* **Data below**:

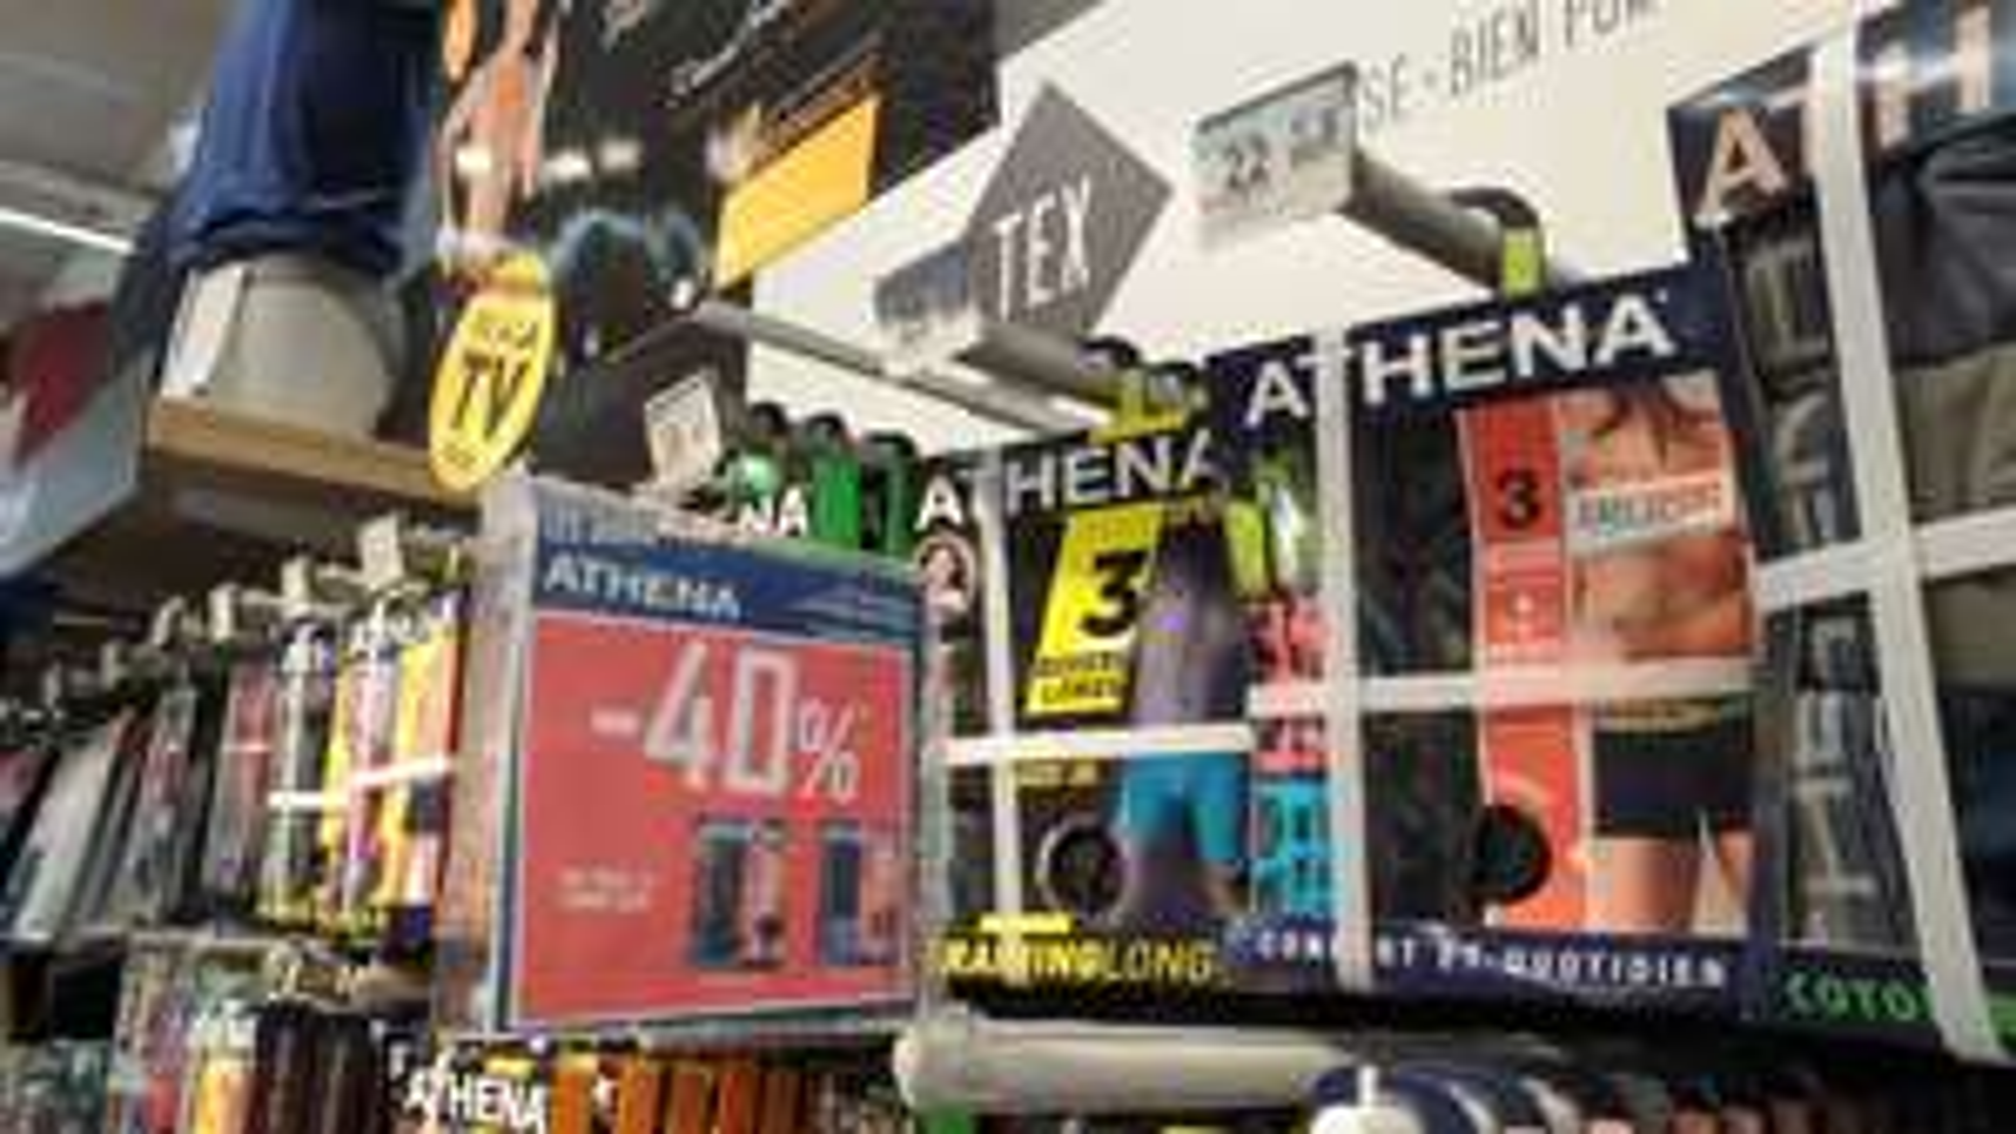 Lot de 3 boxers athena (+10€ en bon d'achat) - Carrefour Creteil (94)
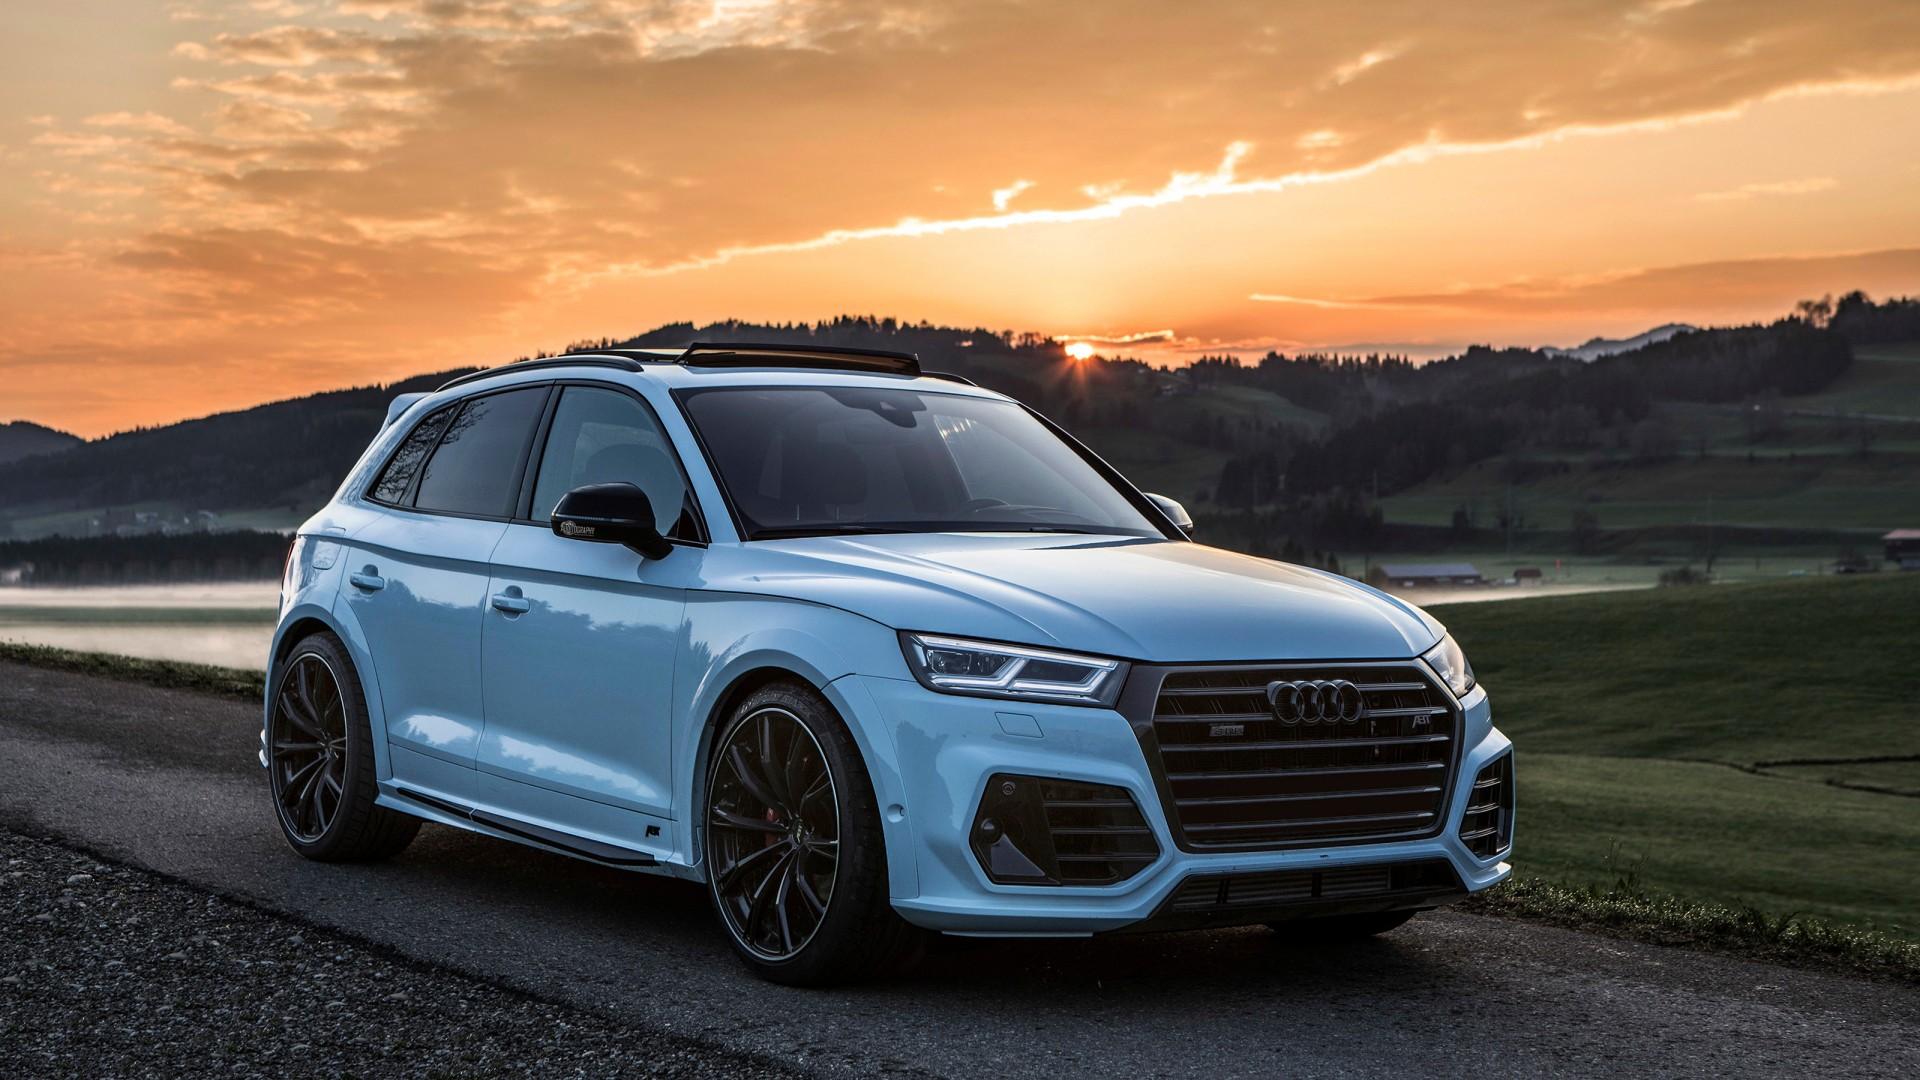 2018 Audi S5 >> ABT Audi SQ5 Widebody 2018 Wallpaper | HD Car Wallpapers ...
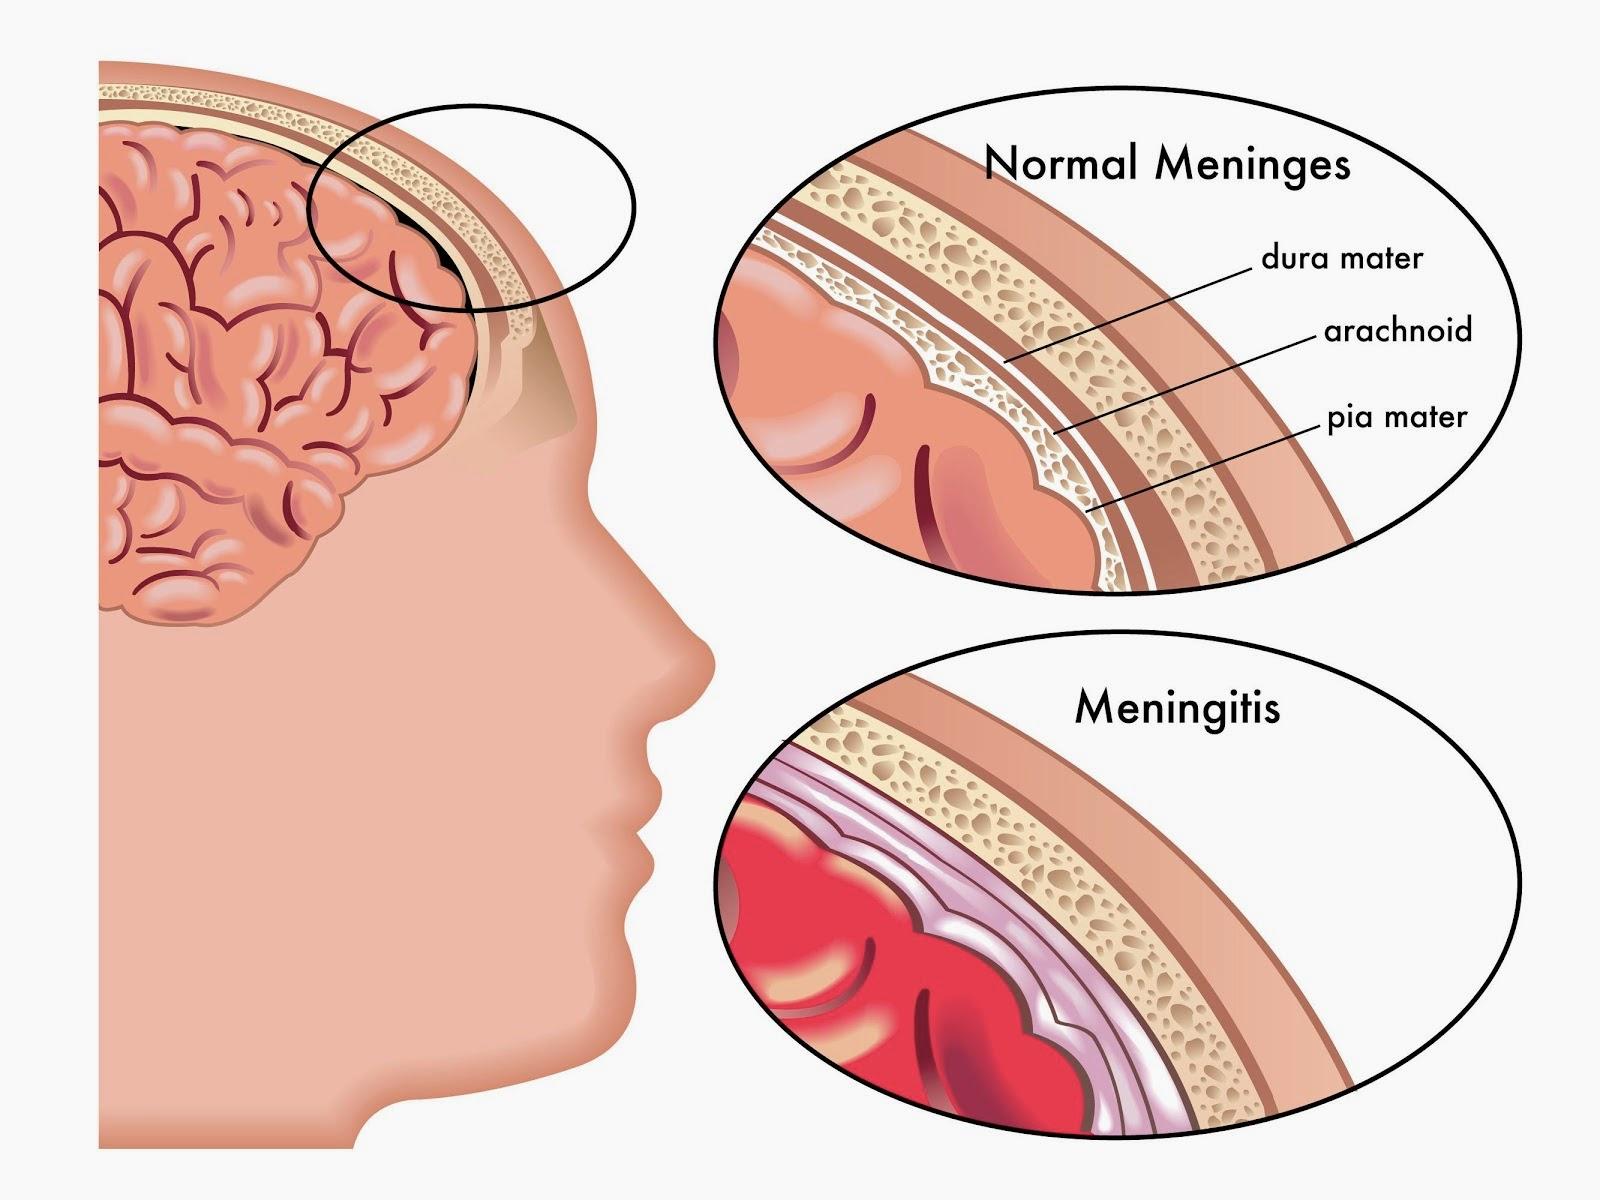 gambar meningitis,pengertian dan penyebab meningitis
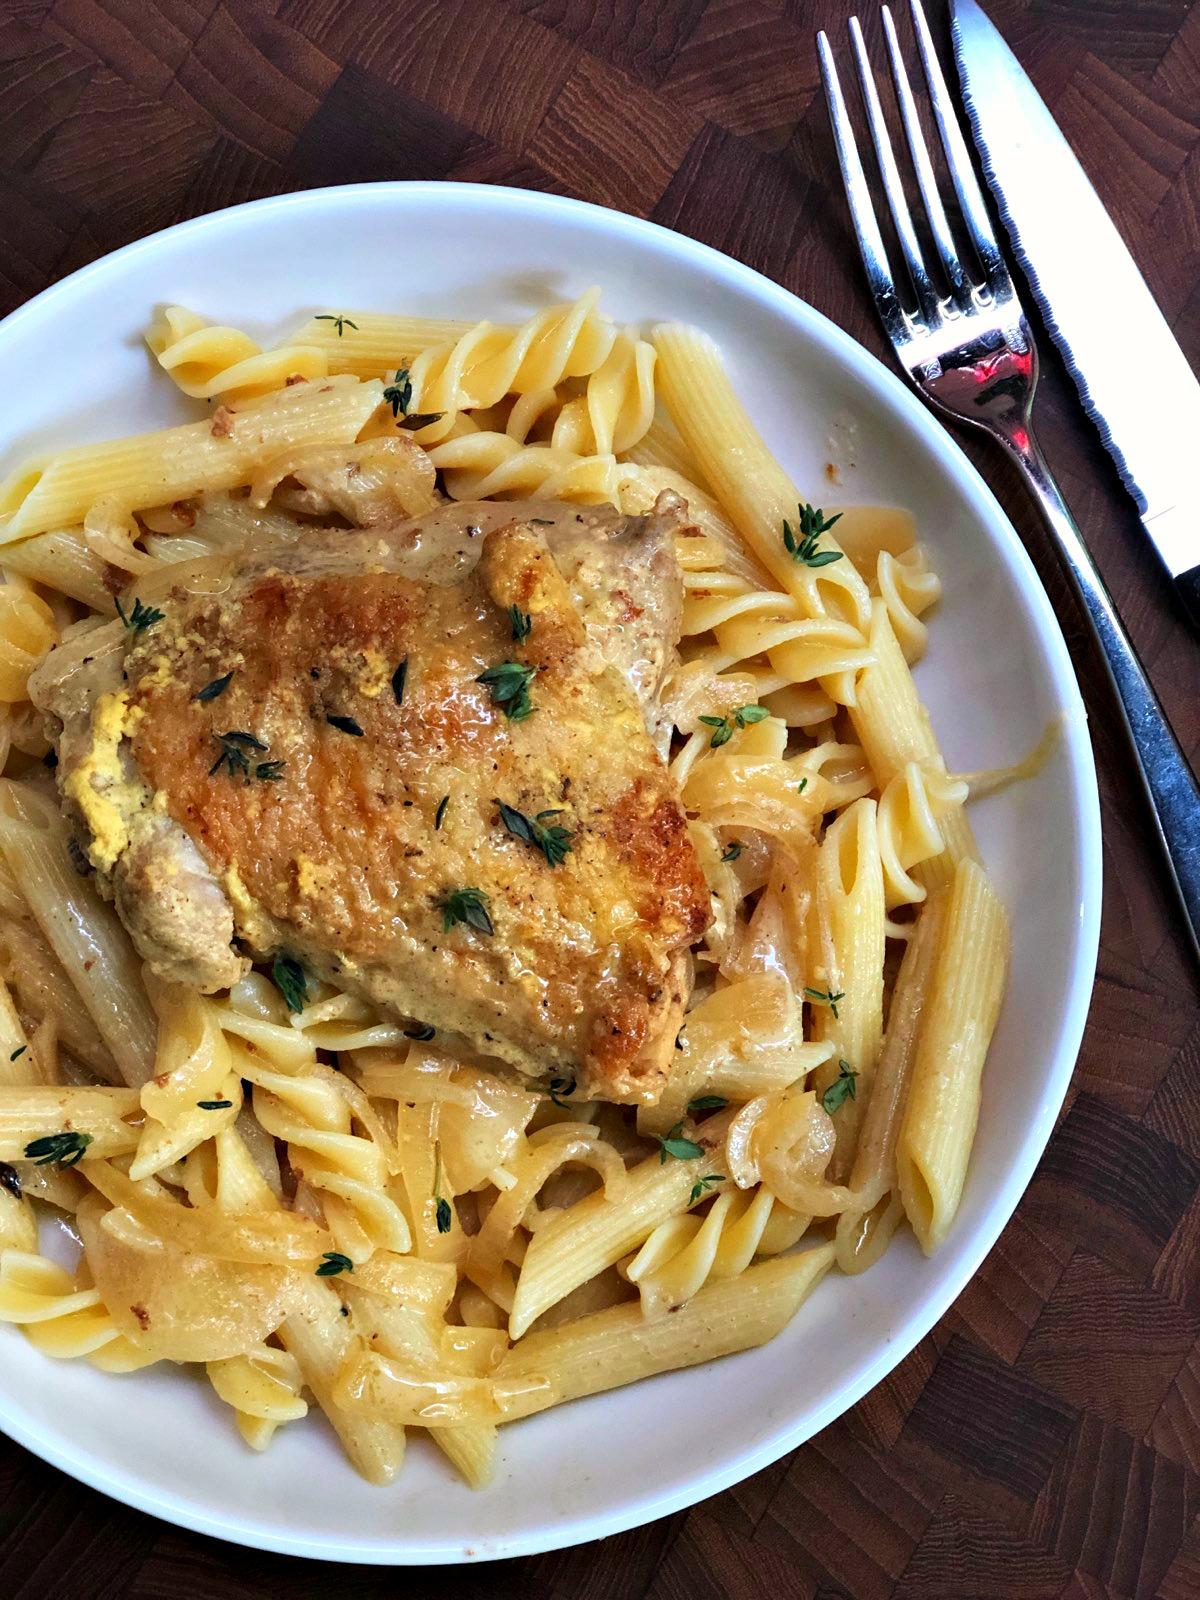 Poulet a la Moutarde (Chicken in Dijon Mustard Sauce)

* **Requirement**: Every line above goes into the copy unchanged; the pictures do not.

* **Your solution**:
 Lot de 3 boxers athena (+10€ en bon d'achat) - Carrefour Creteil (94)
 2018 Audi S5 >> ABT Audi SQ5 Widebody 2018 Wallpaper | HD Car Wallpapers ...
 gambar meningitis,pengertian dan penyebab meningitis
 Poulet a la Moutarde (Chicken in Dijon Mustard Sauce)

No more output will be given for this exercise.